Python 将文件读入二维列表 - newline=None vs strip(“\r\n”)

[英]Python reading file into 2d list - newline=None vs strip(“\r\n”)

EDIT: bigbounty asked for sample data.编辑:bigbounty 要求提供样本数据。 I'm not sure how to keep the newlines when pasting here, so I've provided an image instead.我不确定在粘贴时如何保留换行符,所以我提供了一张图片。 See below.见下文。

I'm trying to determine the correct and most Pythonic way to strip newlines when reading data from an eternal file into a 2d list.我正在尝试确定在将来自永恒文件的数据读取到二维列表中时去除换行符的正确和最 Pythonic 的方式。 I'm having trouble working out what newline does within open() (and yes, I have checked the docs - it still hasn't clicked for me).我无法弄清楚newlineopen()中的作用(是的,我已经检查了文档 - 它仍然没有为我点击)。 Is the code below the correct way to read data into a 2d list, avoiding capturing new line characters?下面的代码是将数据读入二维列表的正确方法,避免捕获换行符吗? Is any part of it redundant (eg newline=None ?)它的任何部分是否多余(例如newline=None ?)

EDIT: I'm on windows, but looking for a cross-platform solution.编辑:我在 windows 上,但正在寻找一个跨平台的解决方案。
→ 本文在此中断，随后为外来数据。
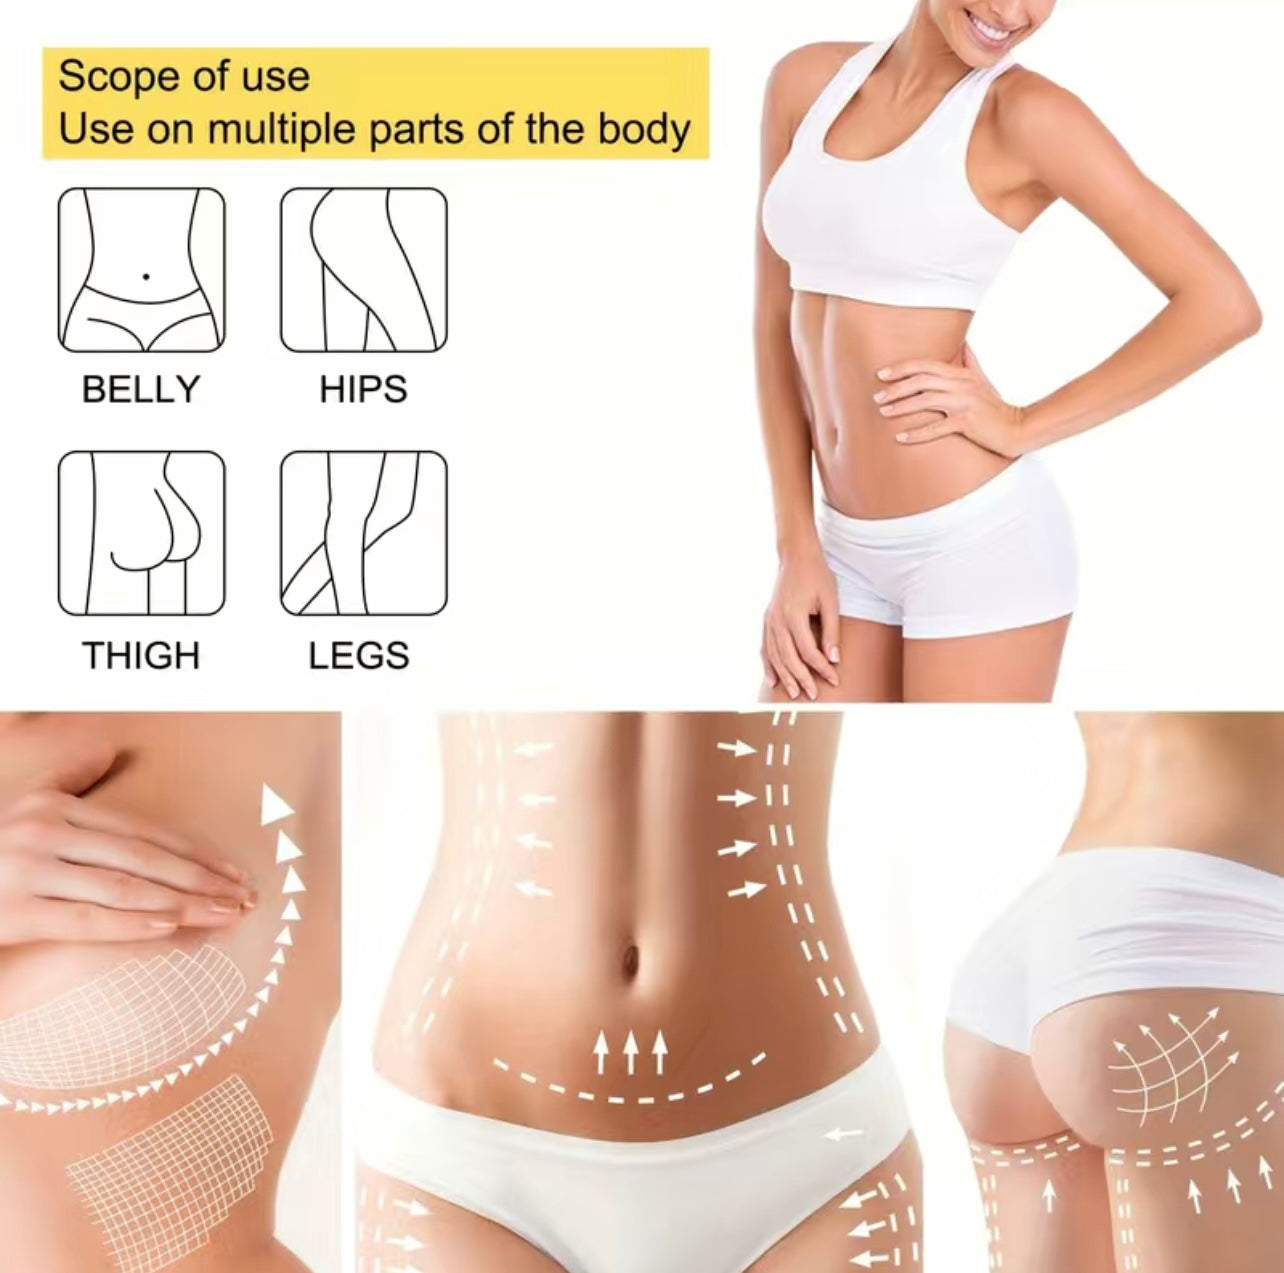 4 piece body slimming and body contouring wraps. Body wraps for weight loss. Detoxing body wrap. Detox body slimming wrap. At home body slimming, TikTok vital products, TikTok made me buy it, best of TikTok, salon products at home, salon quality products, body slimming, body sculpting, body contouring, body wraps, home use salon products, weight loss, best diet supplements

with open(file_name, "r", newline=None) as fh:
    list_2d = [[char for char in line.strip("\r\n")] for line in fh]

在此处输入图像描述

If you want to be compatible with all platforms, you can open w.r.t.如果要兼容所有平台,可以打开w.r.t。 'rU' mode which opens your file in Universal newline mode and then every newline occurrence will appear as a '\n' character (so then you only need to count '\n' chars). 'rU'模式以 通用换行模式打开文件,然后每个换行符都将显示为'\n'字符(因此您只需要计算'\n'字符)。 Since Python 3, it is deprecated , the 'rU' mode equals to newline=None , meaning that the code snippet is cross-platformatic.由于 Python 3 已弃用'rU'模式等于newline=None ,这意味着代码片段是跨平台的。

list_2d = []
with open(file_name, newline=None) as fh:
     list_2d.append([x for x in line.split("\n")])
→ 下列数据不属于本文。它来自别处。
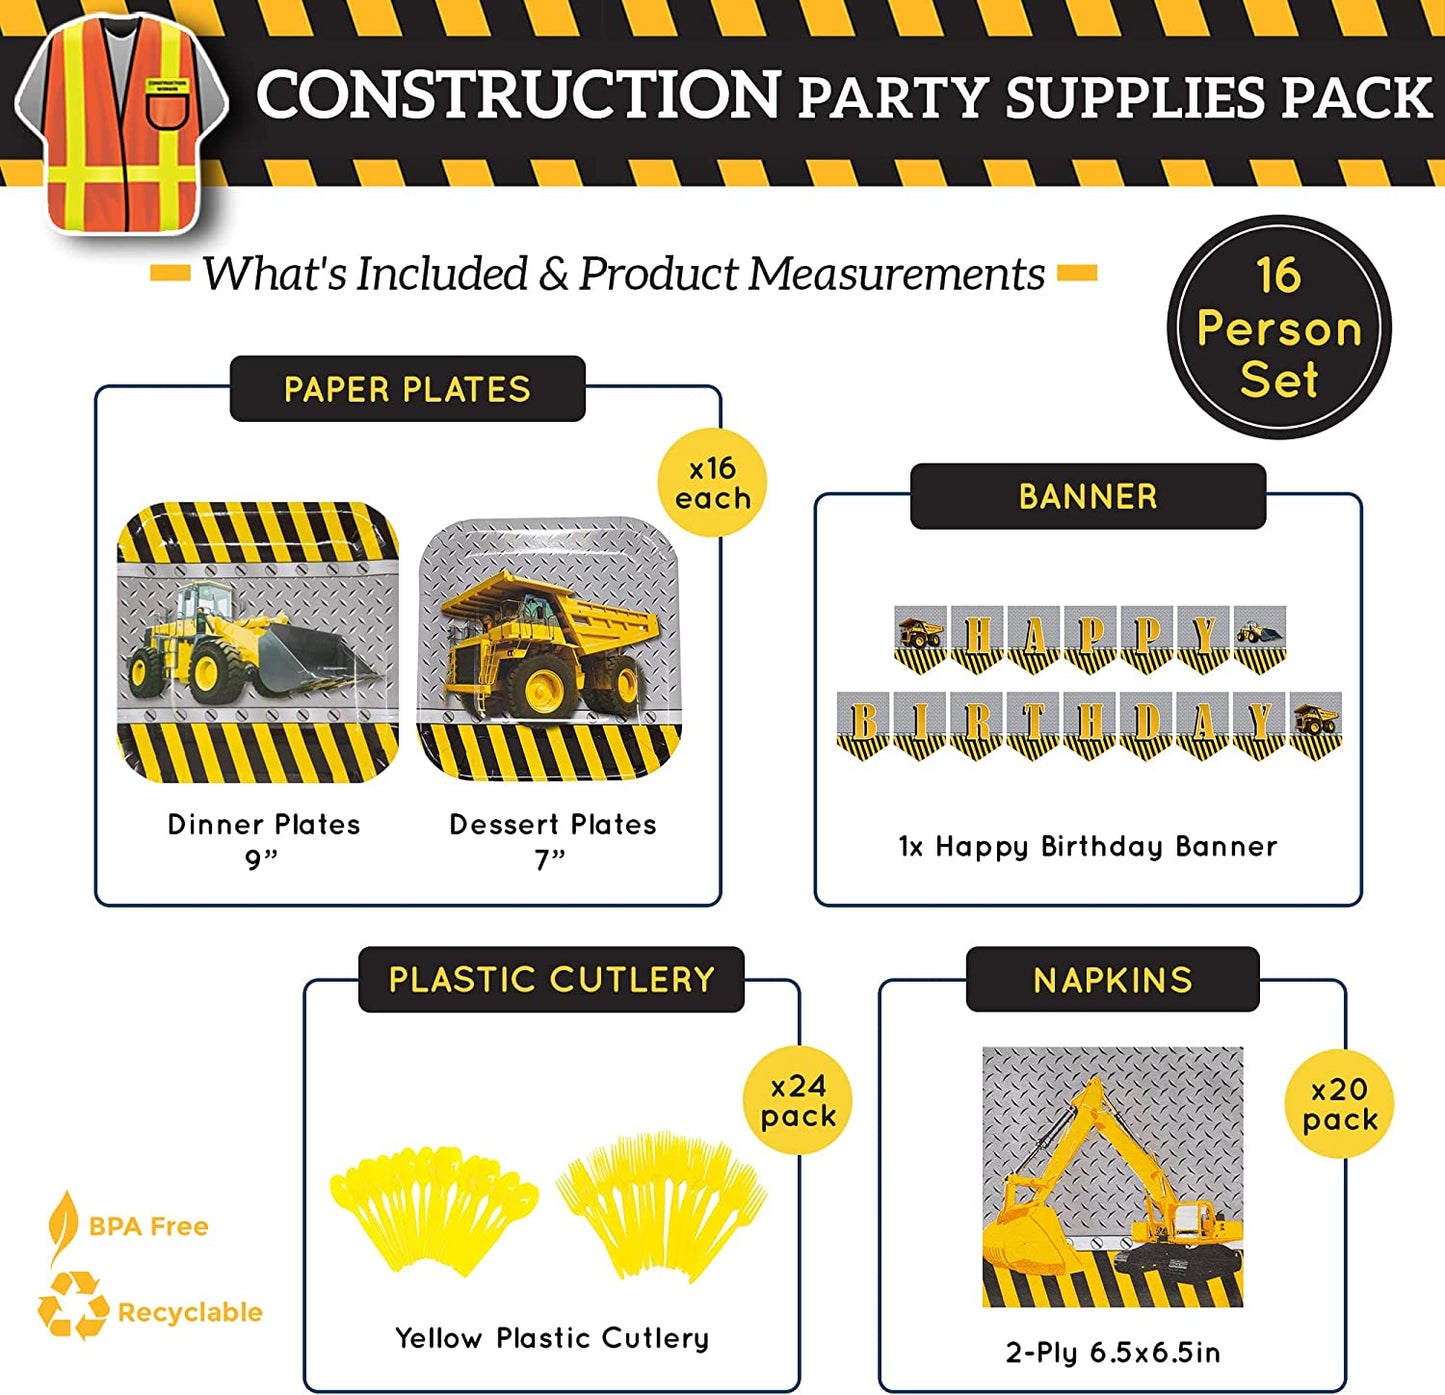 Construction Deluxe Party Supplies Pack | 16pcs 9-inch paper dinner plates | 16pcs 7-inch paper dessert plates | 20pcs paper lunch napkins | 2pcs table covers | 1pc Happy Birthday Banner | 24pcs Balloons | 24pcs yellow plastic forks | 24pcs yellow plastic spoons

No need to use 'r' specifier if you just wish to read because it is default argument already.如果您只想阅读,则无需使用'r'说明符,因为它已经是默认参数。
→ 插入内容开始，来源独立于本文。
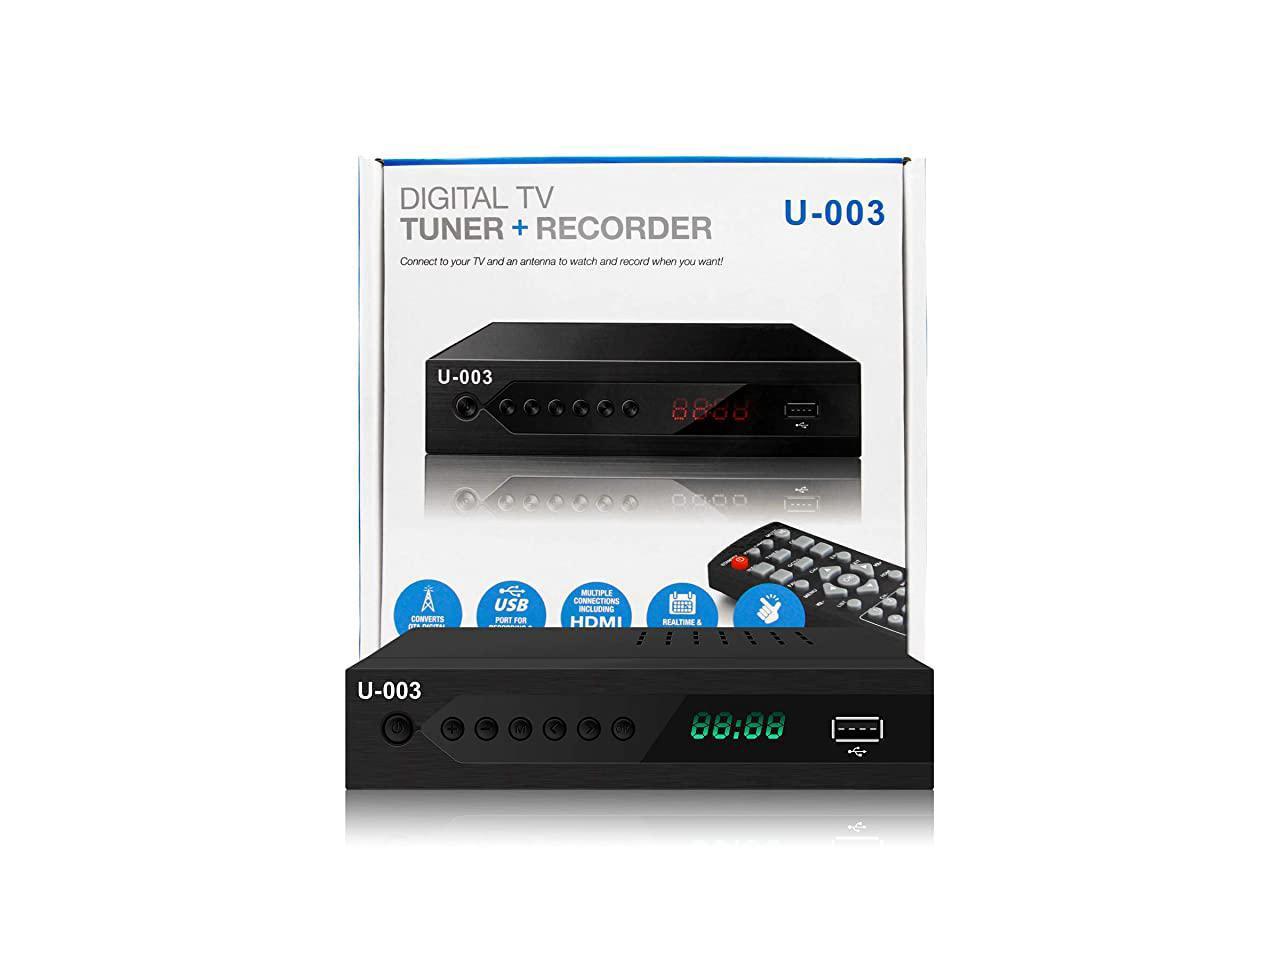 HDTV Set Top Box for HD 1080P ATSC Tuner with Record and Pause Live TV USB Multimedia Playback 2019 Update Version Digital Converter Box for Analog TV

If you don't mind reading the whole file into memory in one go (which, it seems, you don't mind doing, since you're consuming the entire file and stuffing it into a list), you could use lines = file.read().splitlines() , which would be a list of strings, where each string is one line (with no trailing carriage return or newline characters).如果您不介意将整个文件读入 memory 在一个 go 中(您似乎不介意这样做,因为您正在使用整个文件并将其填充到列表中),您可以使用lines = file.read().splitlines() ,这将是一个字符串列表,其中每个字符串是一行(没有尾随回车符或换行符)。

Just don't put \n char in the list.只是不要将 \n char 放在列表中。

with open('a.txt', "r") as fh:
    list_2d = [[char for char in line if char!='\n'] for line in fh]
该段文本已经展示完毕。